[Task material]:
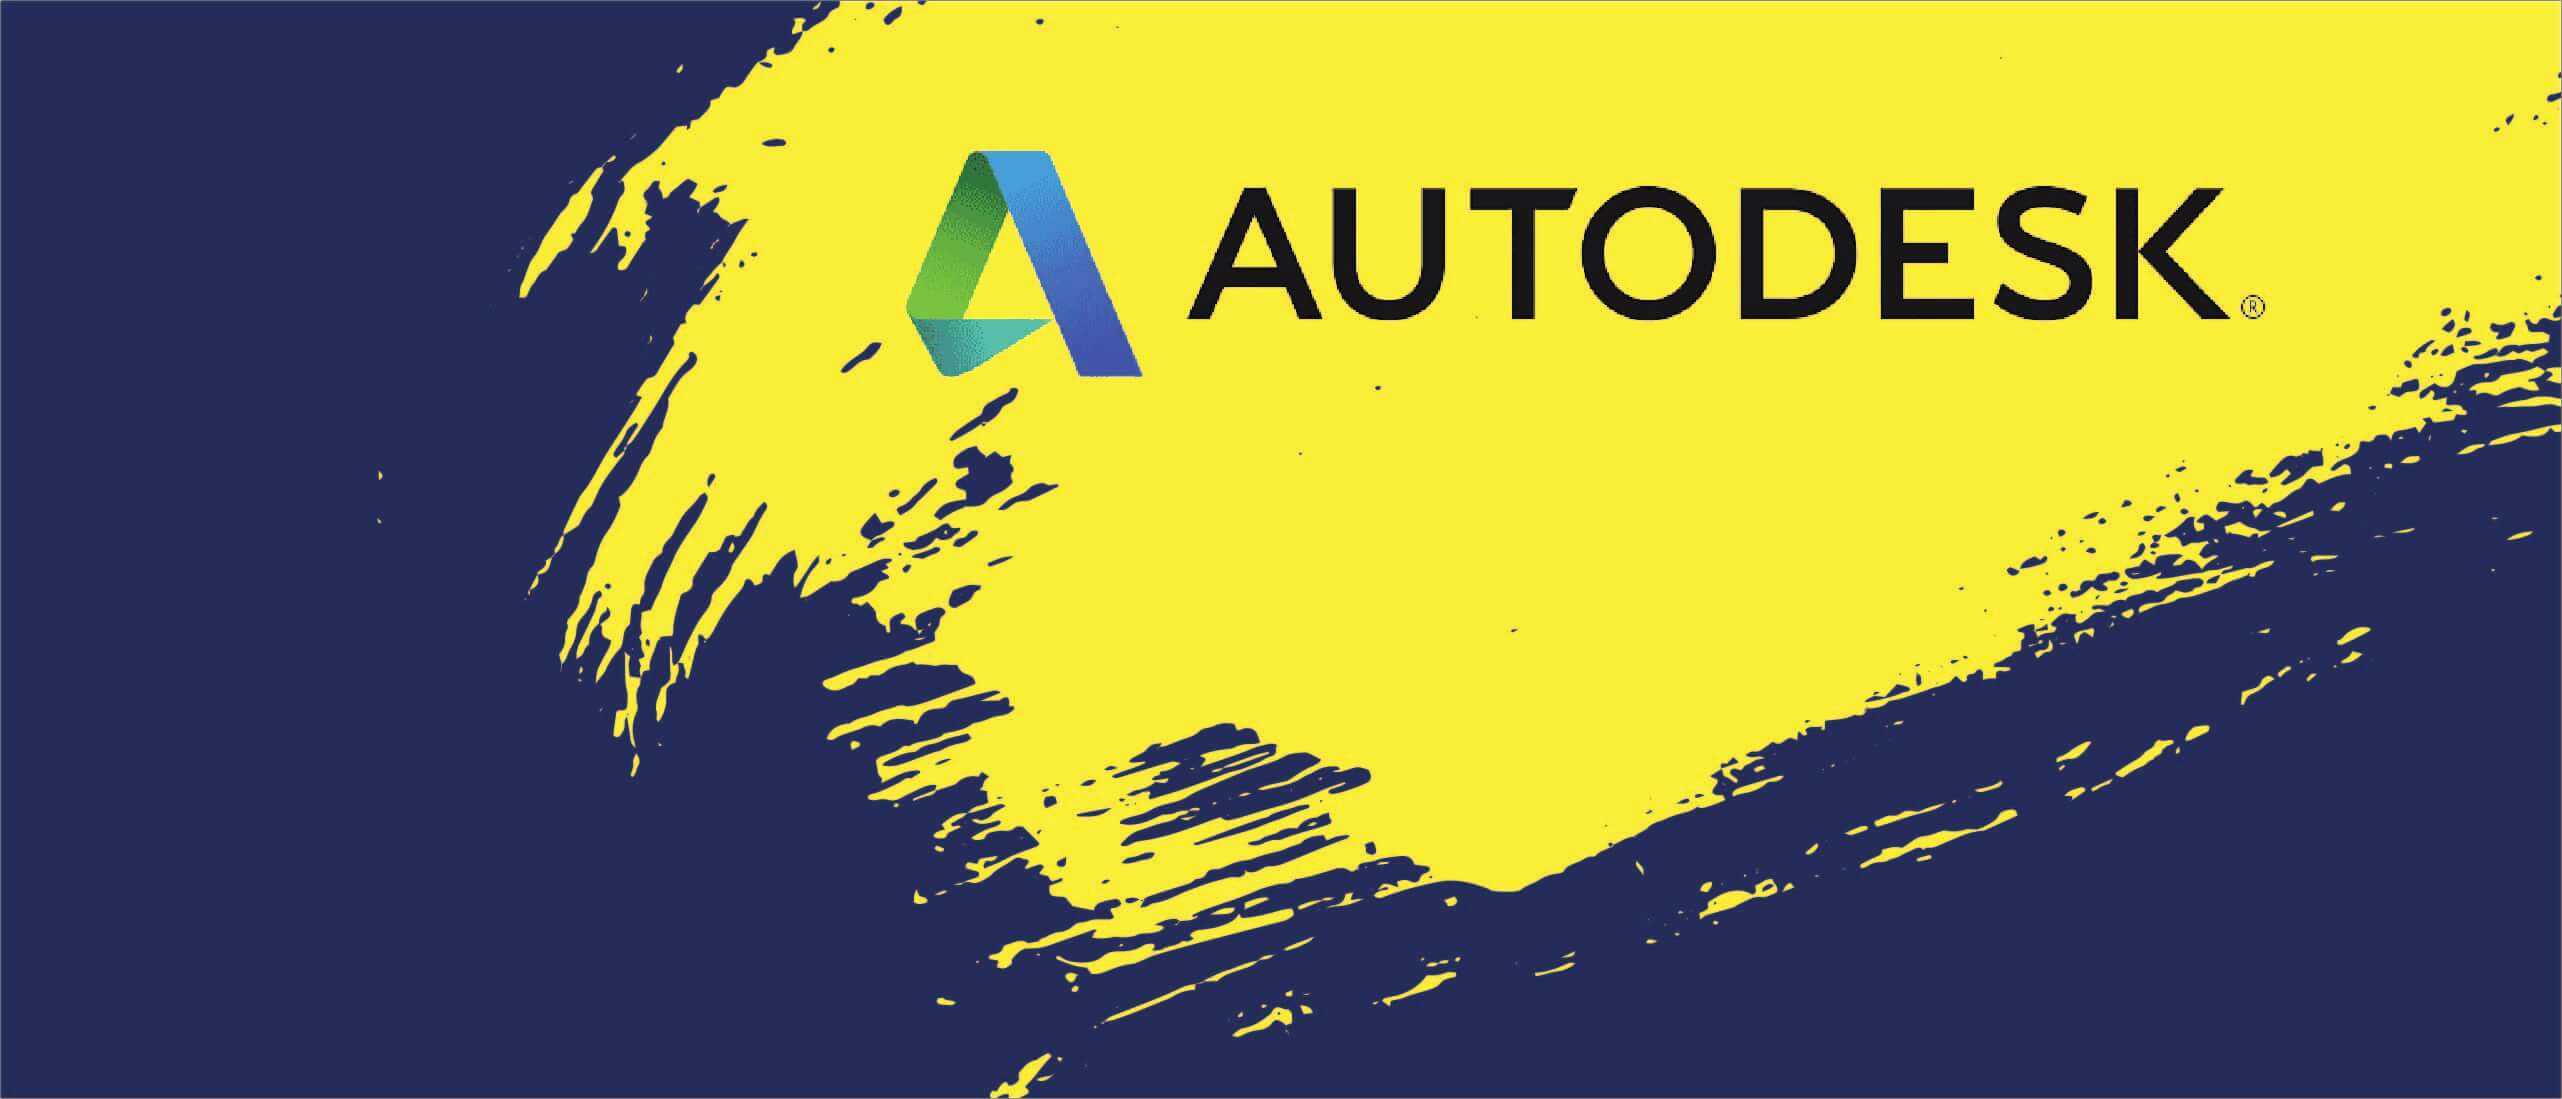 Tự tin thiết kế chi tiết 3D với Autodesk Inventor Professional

...

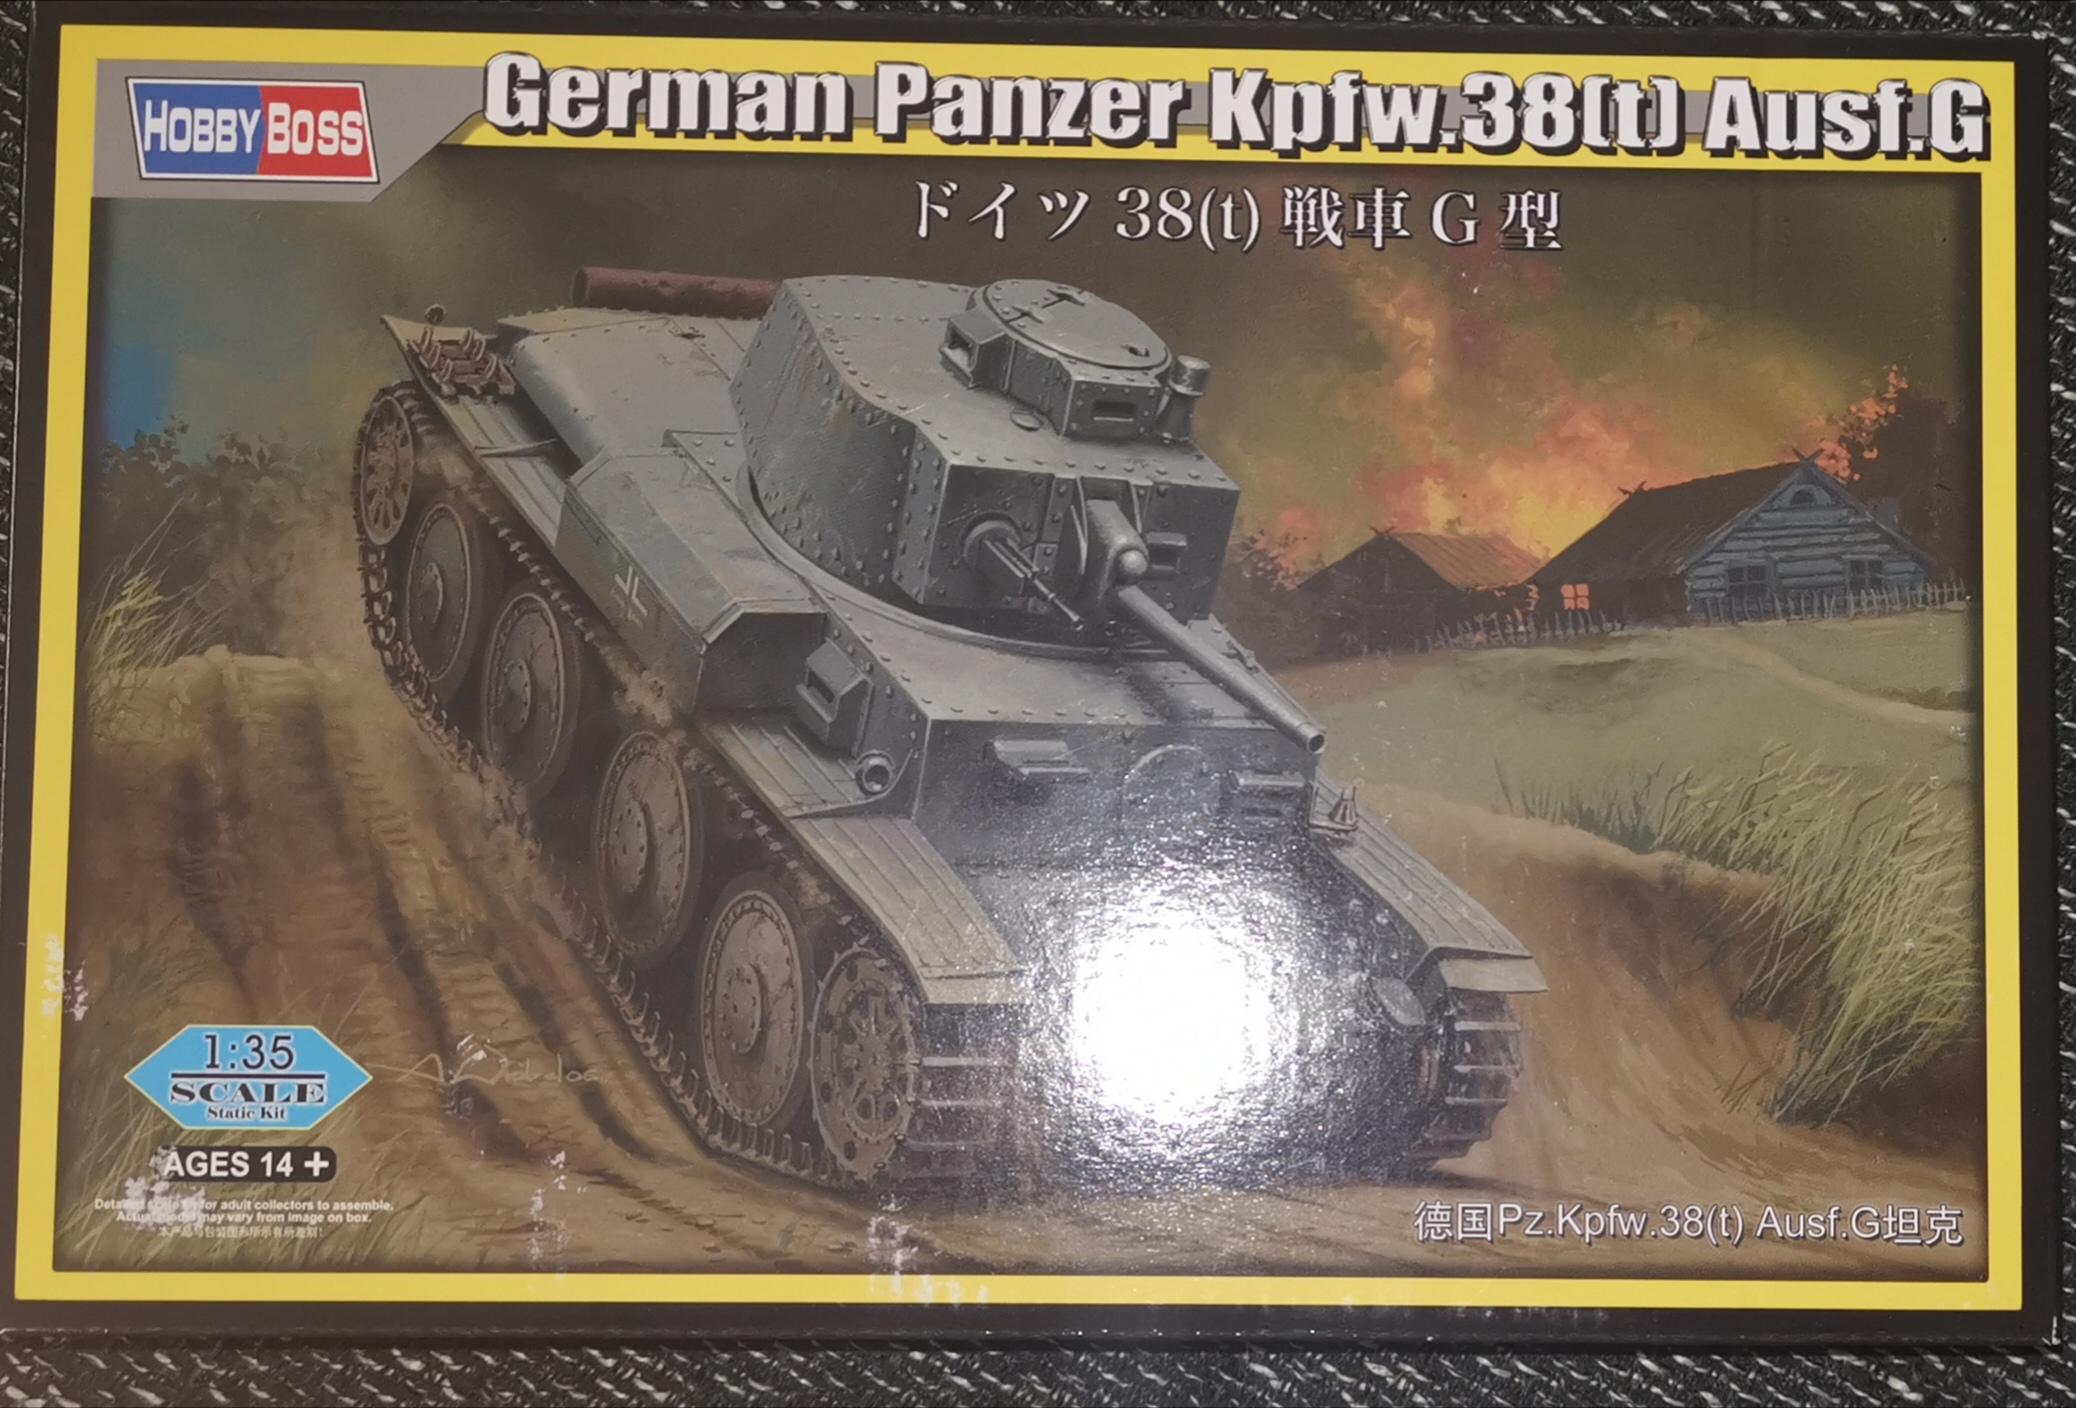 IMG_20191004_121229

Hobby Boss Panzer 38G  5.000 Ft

[Directions]: Using the material above, transcribe exactly the lines from the one holding "IMG_20191004_121229" to the one holding "Hobby Boss Panzer", both ends kept. Do not carry over any pictures.

[Exercise response]:
 IMG_20191004_121229

Hobby Boss Panzer 38G  5.000 Ft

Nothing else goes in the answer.